▶ **DATASET CONTENT**:
● ● ● ●

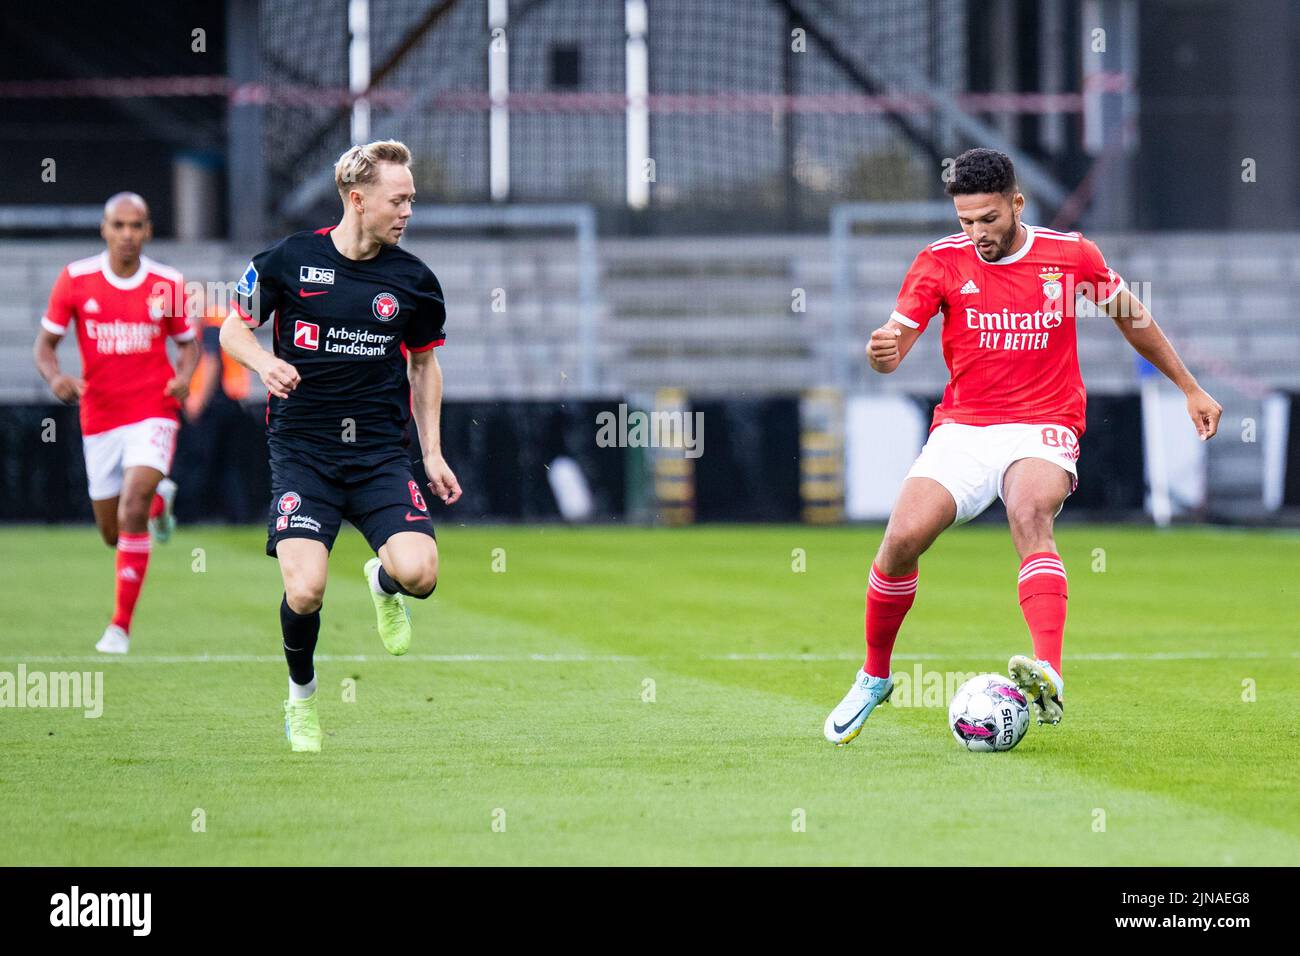 Randers, Denmark. 09th, August 2022. Goncalo Ramos (88) of Benfica and Joel Andersson (6) of FC Midtjylland seen during the UEFA Champions League qualification match between FC Midtjylland and Benfica at Cepheus Park in Randers. (Photo credit: Gonzales Photo - Balazs Popal). Stock Photo
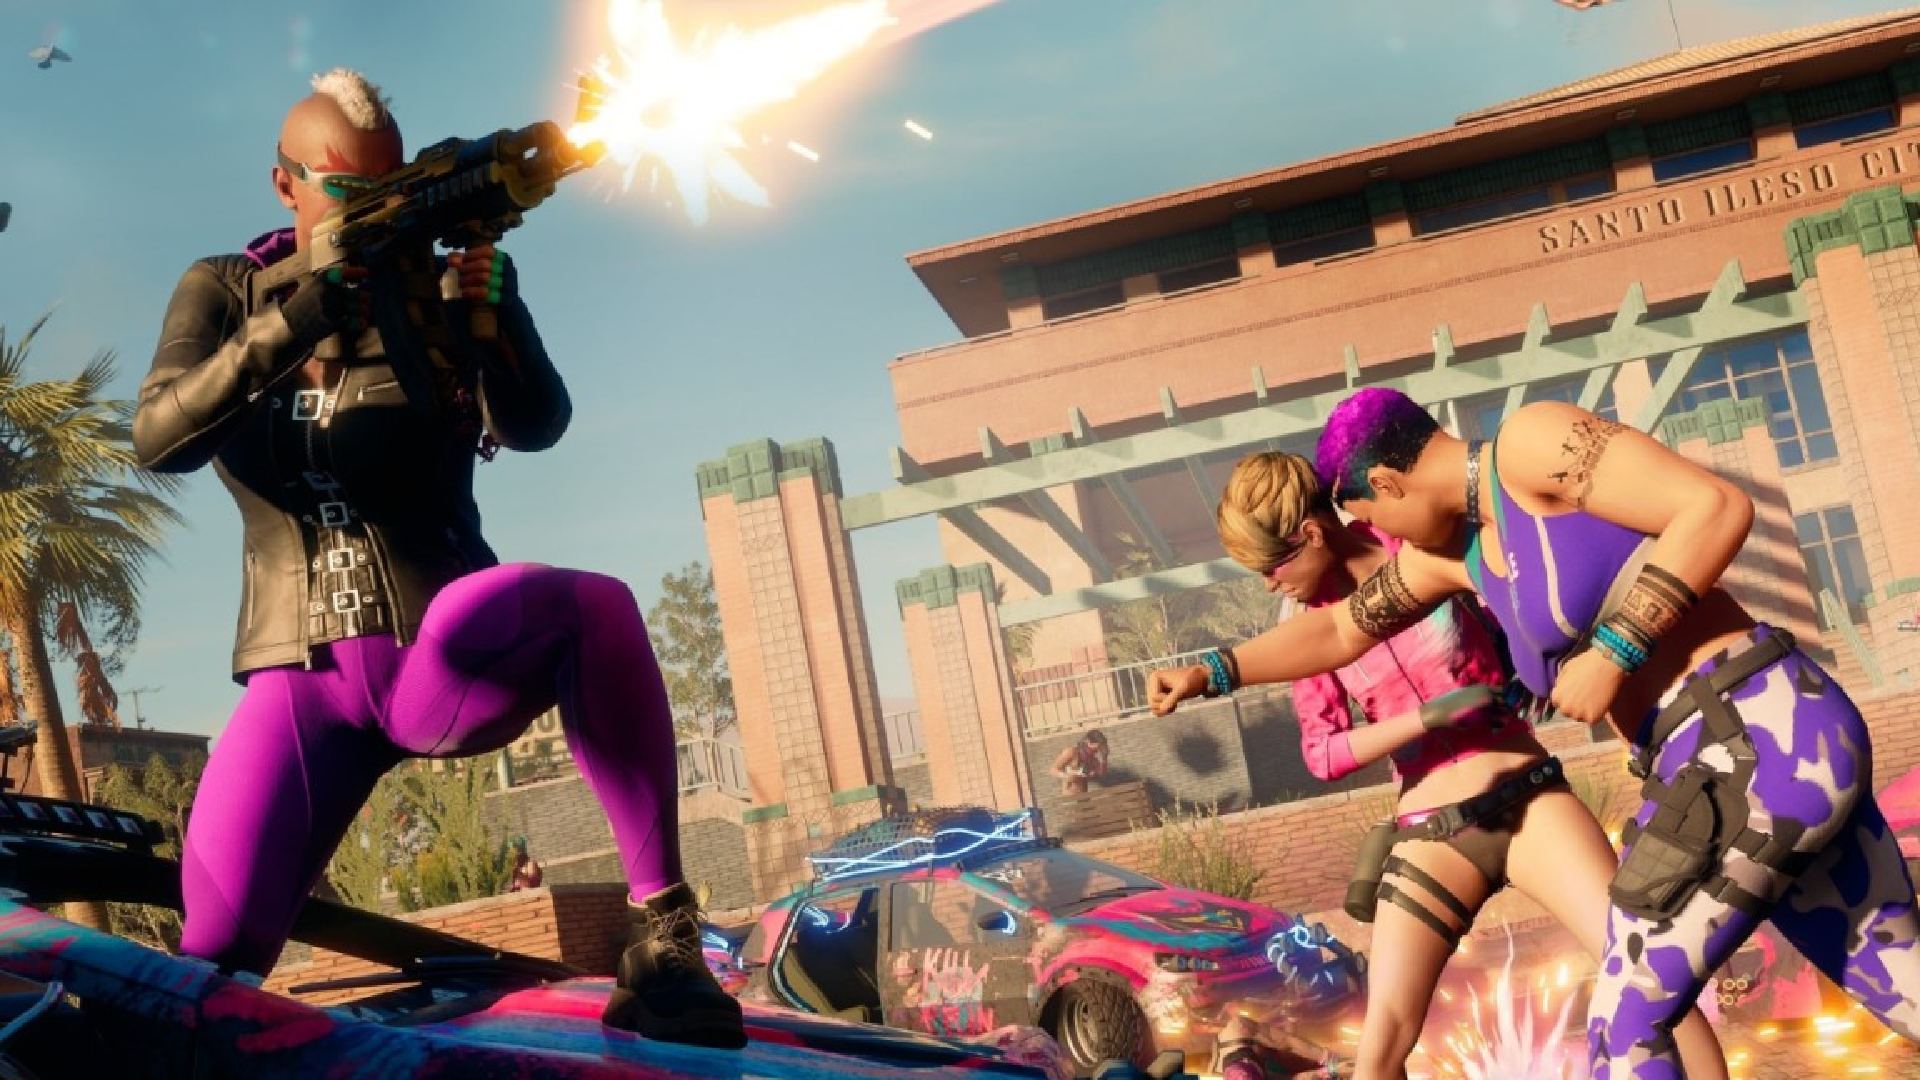 Saints Row Reboot: The Boss can be seen firing some weapons
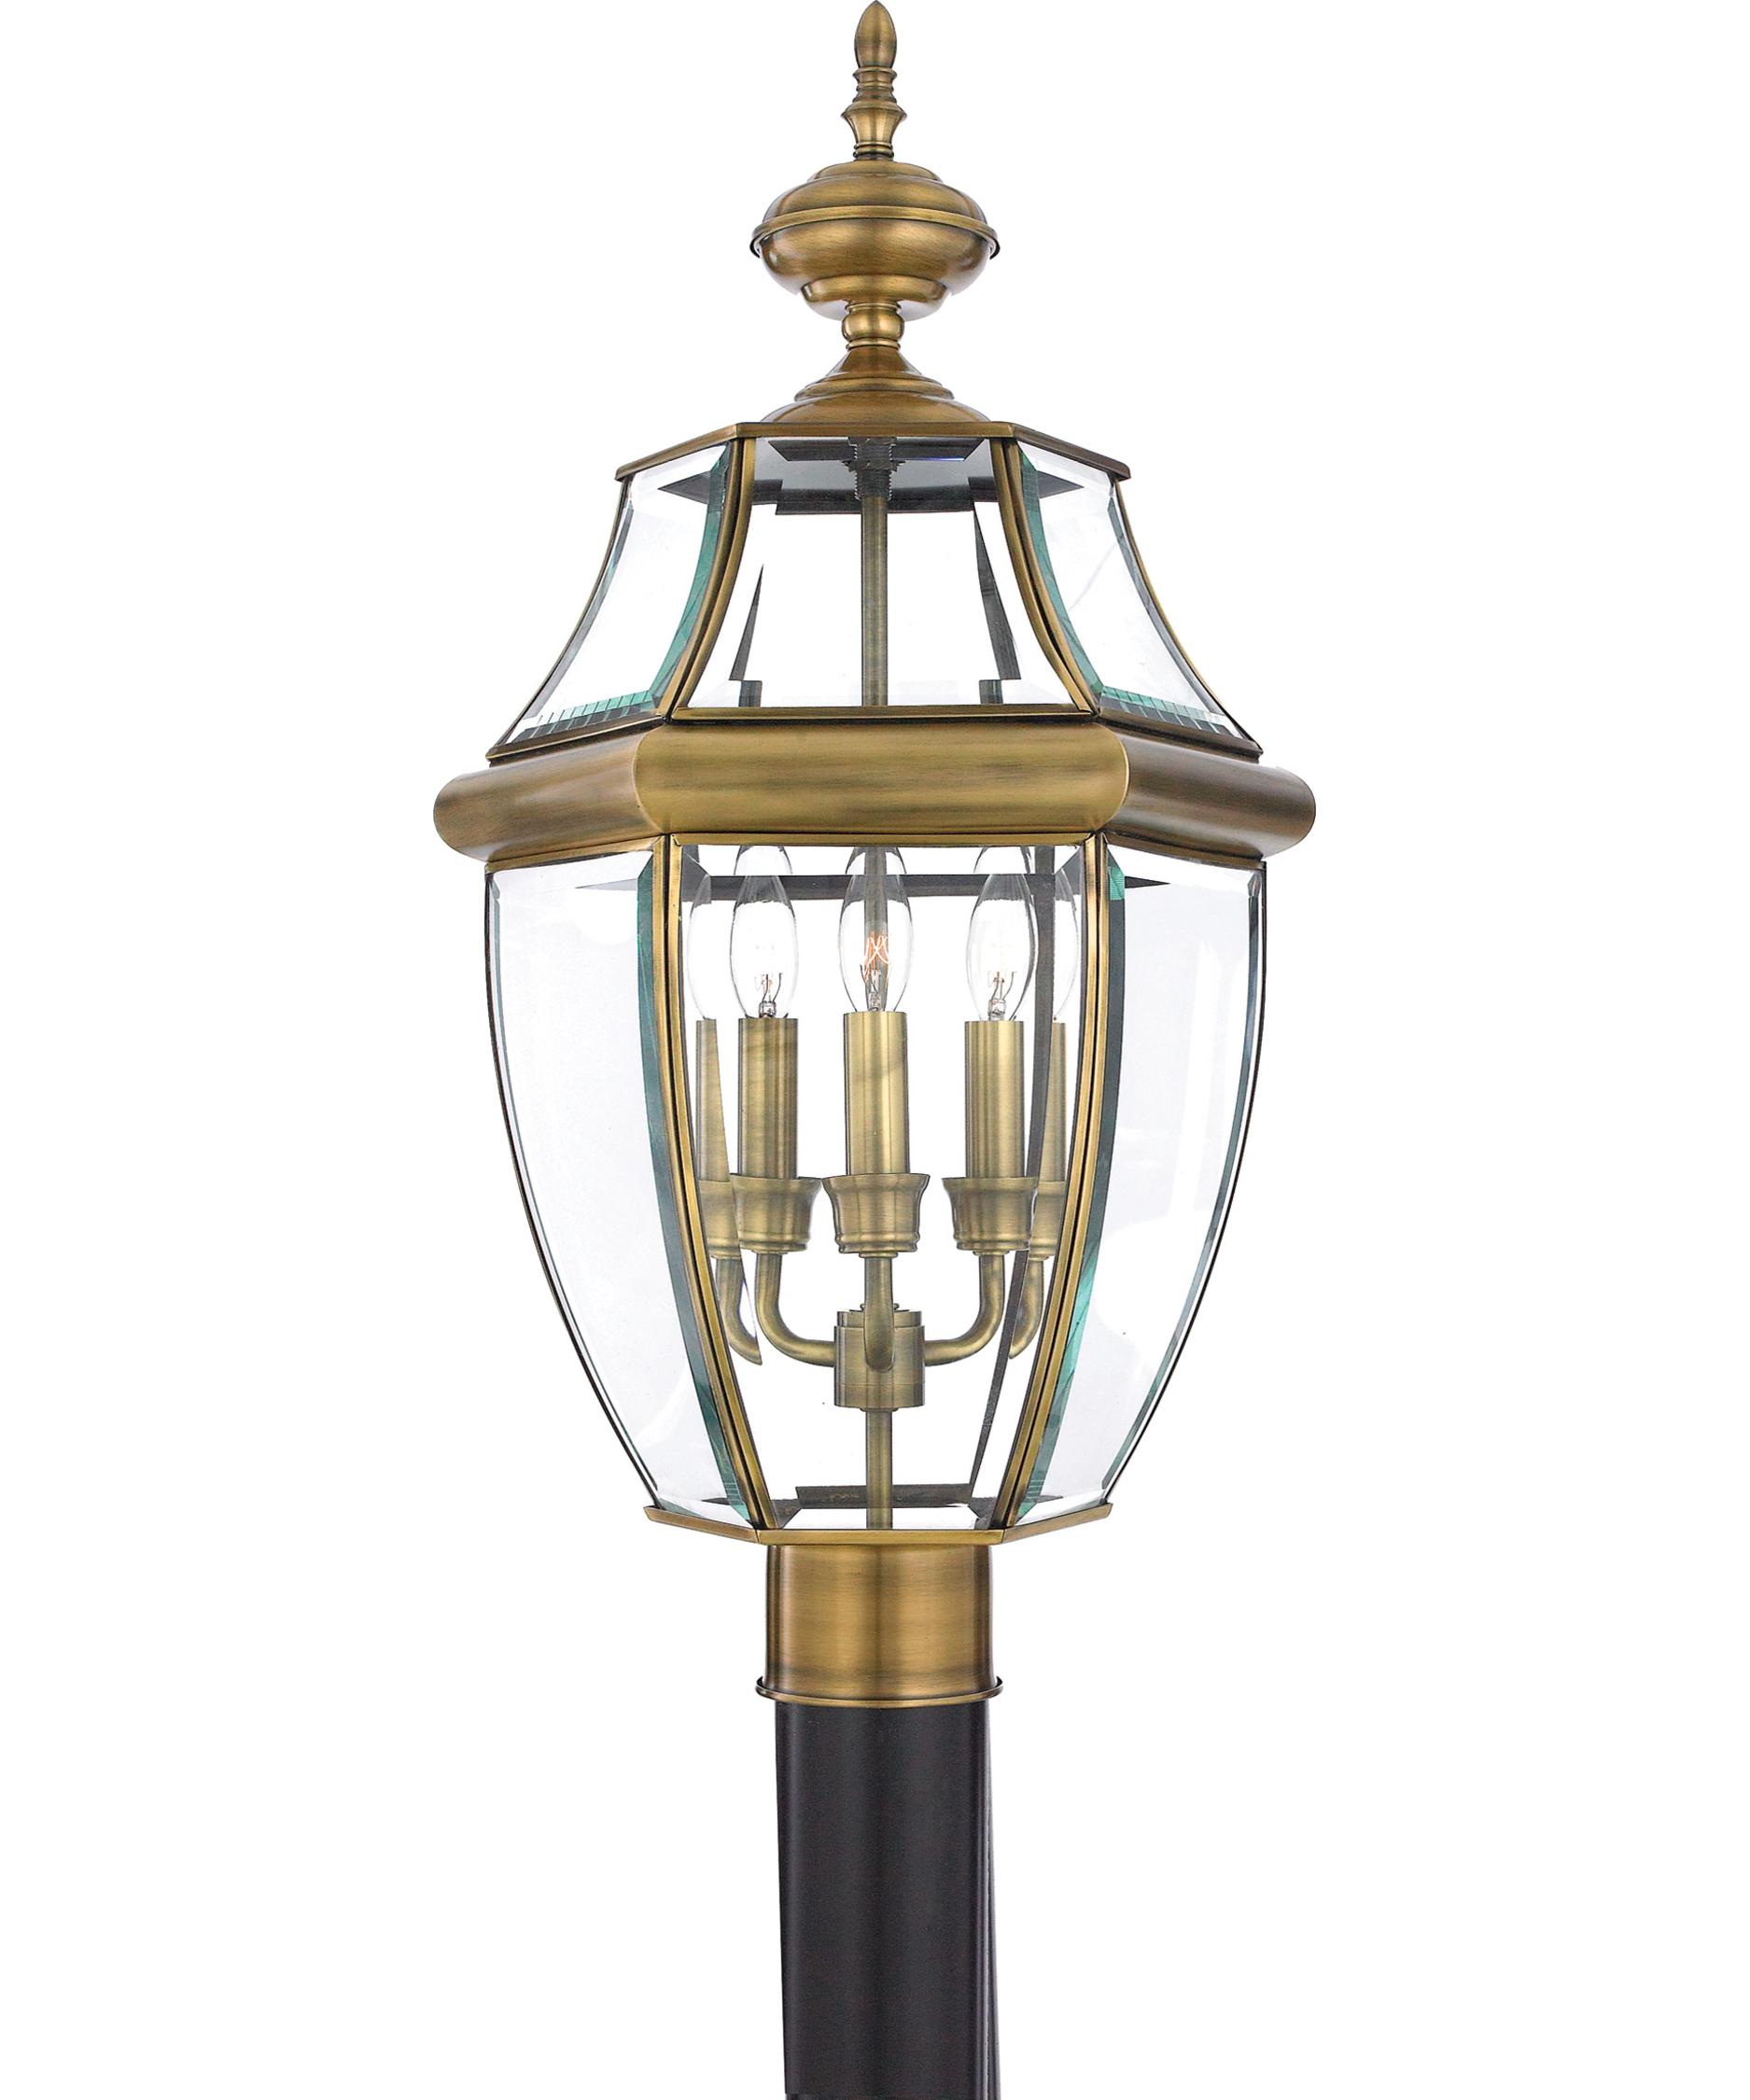 Quoizel NY9043 Newbury 12 Inch Wide 3 Light Outdoor Post Lamp ...

● ● ● ●

▶ **TASK DESCRIPTION**:
Give back exactly the lines from the one containing "Saints Row Reboot: The" through the last line above, both included, and none of the pictures.

▶ **WRITTEN ANSWER**:
 Saints Row Reboot: The Boss can be seen firing some weapons
 Quoizel NY9043 Newbury 12 Inch Wide 3 Light Outdoor Post Lamp ...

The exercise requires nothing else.